Kulturhauptstadt in KuratorInnenhand: Kopenhagen feiert „NowHere“ im Louisiana Museum, Humblebaek  ■ Von Harald Fricke

Knud W. Jensen ist ein nonchalanter Mensch. In seinem beigen Anzug, mit grauem Schlips und sandfarbenen Schuhen sieht er wie Jack Lemmon in der Rolle eines gealterten Gatsby aus. Begeistert schwirrt der wohl 70jährige Däne zur Eröffnung von „NowHere“ durch den Garten des von ihm 1958 gegründeten Louisiana- Museums, grüßt hier und dort junge KunststudentInnen und umarmt schließlich Lars Nittve, den derzeitigen Direktor des Hauses, innig wie einen treuen Kameraden. Zwar ist Kopenhagen mit Klassik, Tanztheater und abendlichem Tivoli-Feuerwerk dieses Jahr Kulturhauptstadt, die moderne Kunst aber feiert auf seinem Grundstück an der Küste, vierzig Kilometer außerhalb.

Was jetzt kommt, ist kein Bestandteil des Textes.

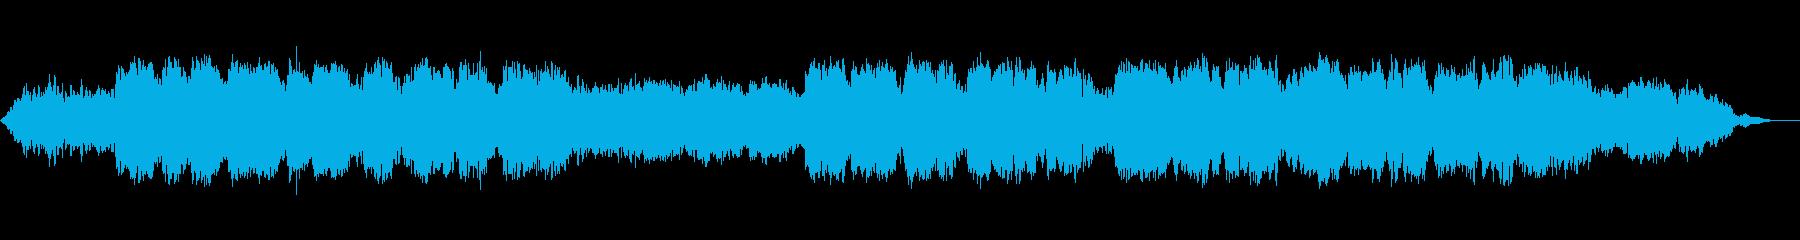 生演奏のケーナの穏やかなヒーリング音楽の再生済みの波形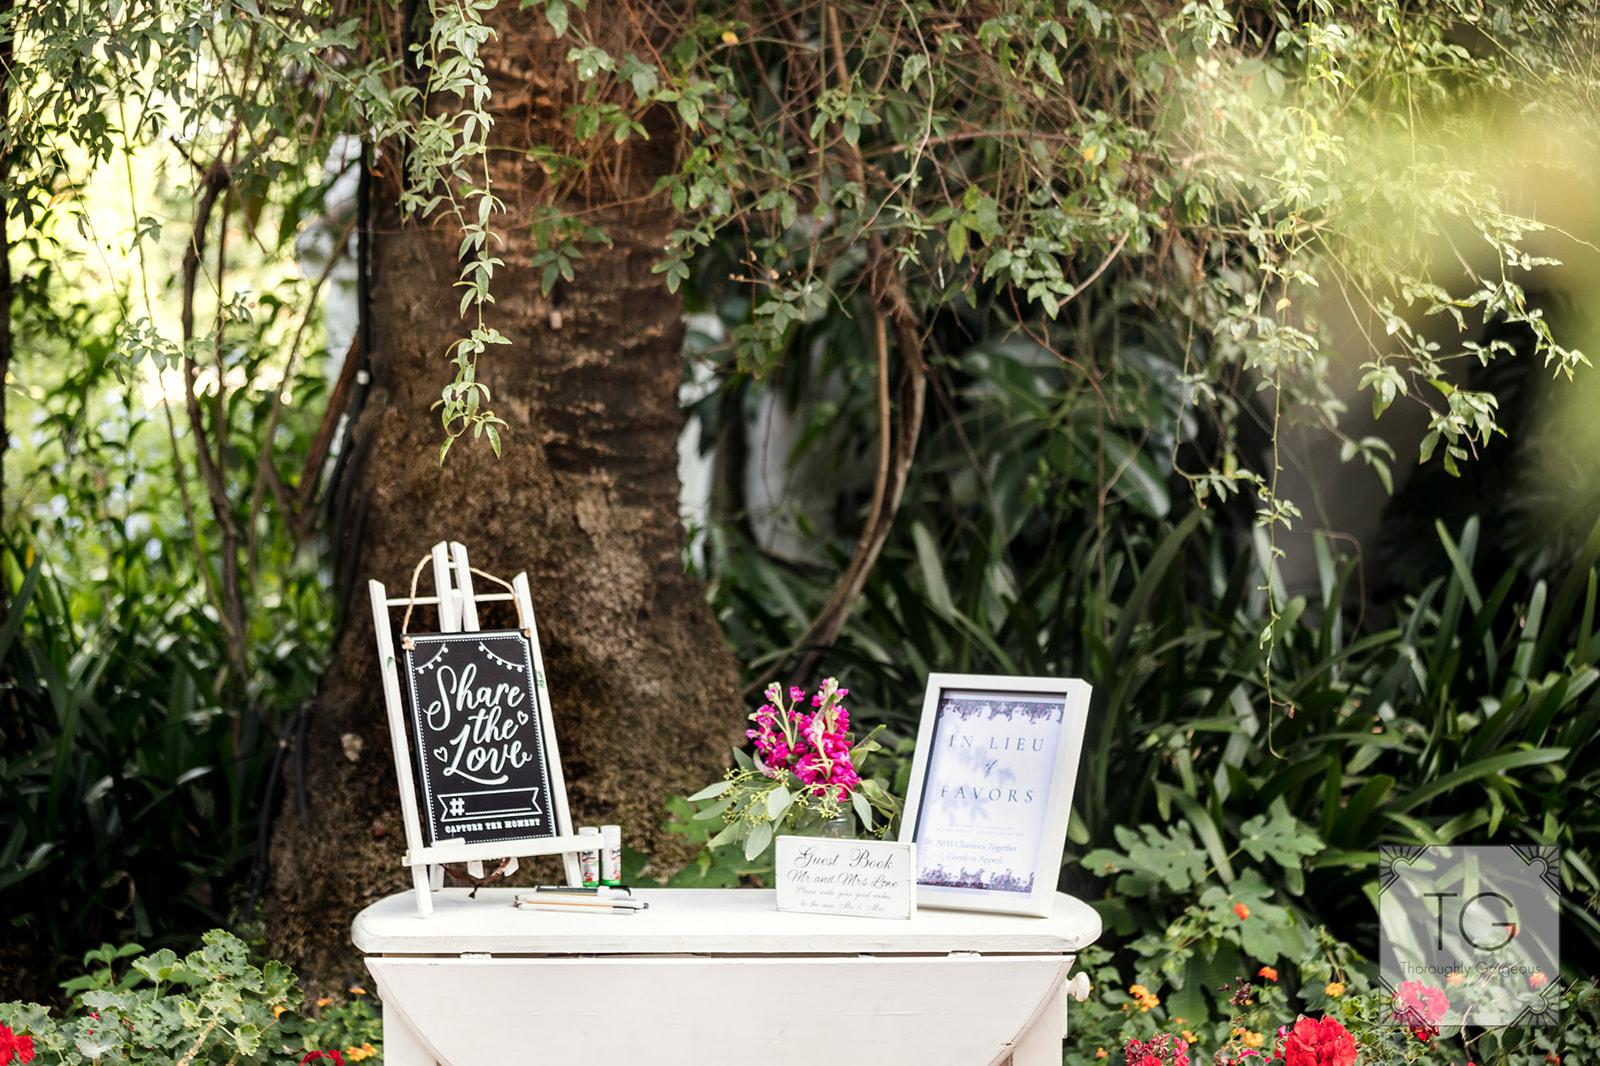 Decorative wedding signage

Das Louisiana ist ein Familienmuseum und deshalb populär. 600.000 Menschen kommen jährlich heraus auf Jensens Anwesen, flanieren durch den Park, sonnen sich auf drei Terrassen und schauen sich nebenher seine über 10.000 Quadratmeter verteilte Kunstsammlung an: Francis Bacon, Calder, Kiefer, Picasso, Rauschenberg, Warhol. Dubuffet mit Blick aufs Meer. Für Kinder hat er eine extra Besucherschule mit Malcomputern, Tafellandschaften und Spielwiesen einrichten lassen. Auch sonst sollen sich die Ausflugsgäste nicht vor der Kunst fürchten: Die Außenskulpturen von Max Ernst oder Henry Moore stehen ohne Sockel zu ebener Erde, damit man sie besser anfassen kann. Kein Zweifel, hier in dieser seltsam dänischen Versöhnungsutopie finden selbst Disneyland und Rudolf Steiner am Ende noch glücklich zueinander – eine Idylle, mit der „NowHere“ schwer zu kämpfen hat.

Fünf internationale KuratorInnen hat Nittve eingeladen, um das Haus nach „Art einer Mini-documenta“ mit zeitgenössischen Arbeiten zu gestalten. Dafür wurde das gesamte Museum leergeräumt, die kostbare Sammlung ins Depot verfrachtet. Eigentlich ideale Umstände, doch der Kunst der neunziger Jahre sind solche Situationen äußerst befremdlich. An Race- Class-Gender-Konflikten, Kontext, Diskurs und Institutionskritik geschult, birgt gerade der weiße Raum Probleme: Denn die gesellschaftlichen Verhältnisse, sie sind nicht so. Statt sich interesselos der angenehmen Atmosphäre des Louisiana hinzugeben, wurde umgebaut, hinterfragt, aufgedeckt.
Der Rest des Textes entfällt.